Oklahoma State University just kicked off its football season with a change to one of football’s biggest staples: Beer.

Last month, Stillwater’s Iron Monk Brewing Company released a blonde ale called 1890 Original, which is now the official craft beer offered at OSU football games.

But what fans inside Boone Pickens Stadium may not know is the university has had a long relationship with craft beer.

“People like to go out and buy local beer because they can be in the place where it was brewed,” said Charles Fontanier, associate professor in the OSU Department of Horticulture and Landscape Architecture. “If a business can have a beer that is 100% Oklahoma ingredients, that elevates the whole industry to be able to say that. OSU Ag Research and Extension can help facilitate a connection between brewers and potential producers to help create that market and an interest in it.”

Five years ago, Bruce Dunn, a professor in the horticulture and landscape architecture department, decided to throw hops into his greenhouse mix because he had some extra space.

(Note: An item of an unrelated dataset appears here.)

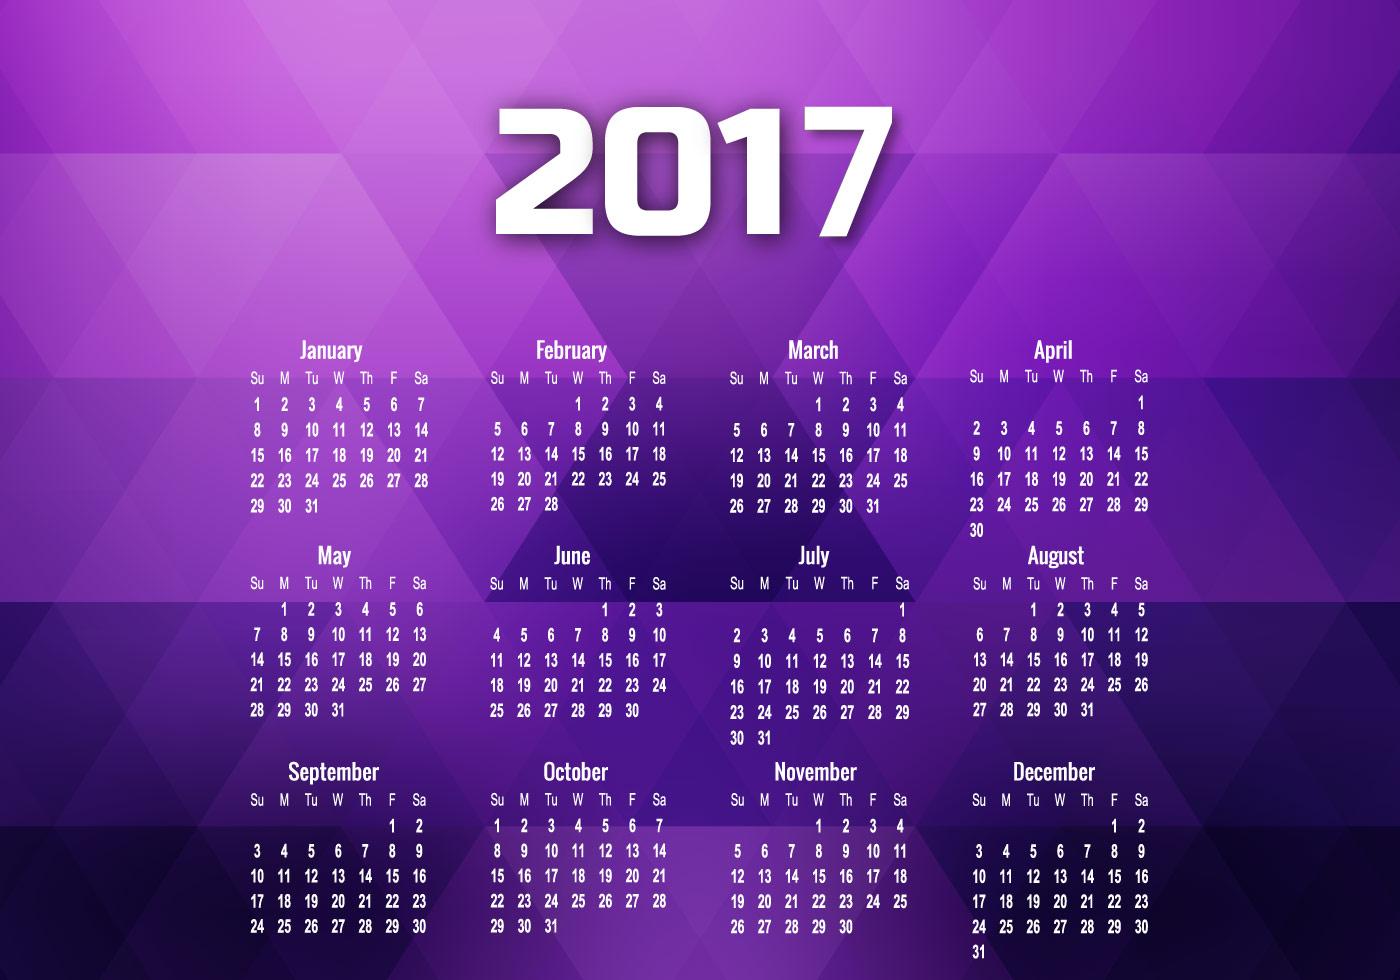 Calendar Design Free Vector : Calendar design download free vector art stock

“It grew well but was attacked by spider mites, so I took it out to The Botanic Garden at OSU, and I was surprised to see it did really well there,” Dunn said. “One year, I harvested a trash bag full of a few different varieties, and I took that bag to Iron Monk, and they said they would see what they could do with it. A couple of weeks later, they called me and said they had made a batch with it.”

Armed with the knowledge that hops could do well in both greenhouse and field environments, Dunn approached Fontanier.People stand around a hops vine in Oklahoma.

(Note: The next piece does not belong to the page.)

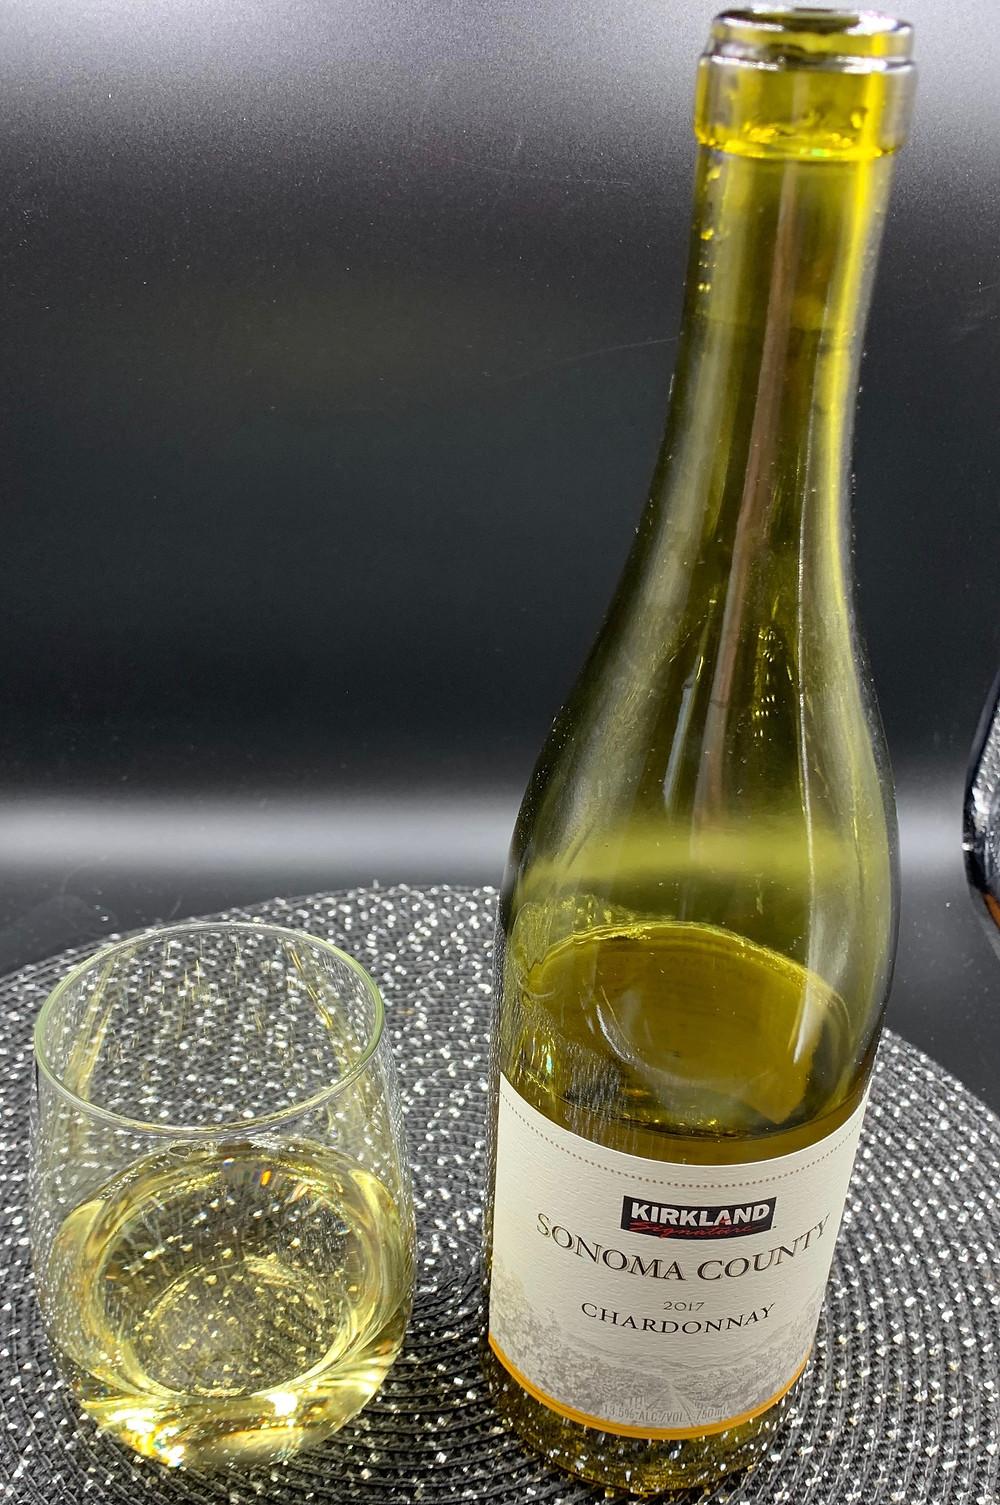 Costco Kirkland Signature Sonoma County 2017 Chardonnay

“What I really wanted to see was if we could grow better yields or higher quality plants in a greenhouse compared to field production,” Dunn said.

Fontanier said to their knowledge, OSU is one of only three hops growers in Oklahoma. Fontanier, Dunn and doctoral student Katie Stenmark want to change that. 

“The specific goal is to verify that quality hops can be grown in Oklahoma and to select the cultivars that grow best here, so we can create a local source of hops for Oklahoma craft breweries,” said Stenmark, who is working on the project for her dissertation.

Oklahoma brewers have access to the other three main ingredients in beer production: water, grain and yeast.

“We have all three of those in Oklahoma, but what we do not have is a local source of hops,” Stenmark said. “So, with the growing industry we have, it would be nice to see Oklahoma have that specialty crop.”

Stenmark, who works for Iron Monk, said when the brewery opened its doors in 2015, it was one of five craft breweries in Oklahoma. Now, there are over 67 craft breweries in the state.

“This would be a very high value crop for an Oklahoma grower to be informed about,” Stenmark said.

And gathering information is the entire goal of the hops research project.

Stenmark said the idea began with a three-year survey asking Oklahoma craft brewery professionals what cultivars of hops they would be interested in seeing grown in Oklahoma. Researchers then selected cultivars based on early to mid- and late-season ripening as well as specific aromatic qualities and essential oil profiles.

The in-field project is growing eight varieties of hops, and three of them show strong potential. Three of the greenhouse project’s five varieties are growing well and two are not, Dunn said. The goal of the greenhouse project is to get both a fall and spring harvest.

“At this point, we are taking visual information on what the hops cones are doing,” Fontanier said. “There shouldn’t be any discrepancies between what a variety of hops smells like and looks like in Oklahoma compared to the Pacific Northwest, but we want to verify that.”

For the in-field project, Stenmark's team is studying the maintenance style of the hops trellis, the height of the canopy and the number of cones grown, as well as identifying the timing and sequence of how they grow. They will study what it takes to harvest the crops, and the quality of the crops will be analyzed in a laboratory setting.

“There has become a very high demand for the product of craft beer,” Stenmark said. “It would be good to see a lot more OSU Extension fact sheets come out of this project, so that interested growers can have information on what it would take physically and financially to grow this crop. We want to make this as feasible as possible for Oklahoma growers."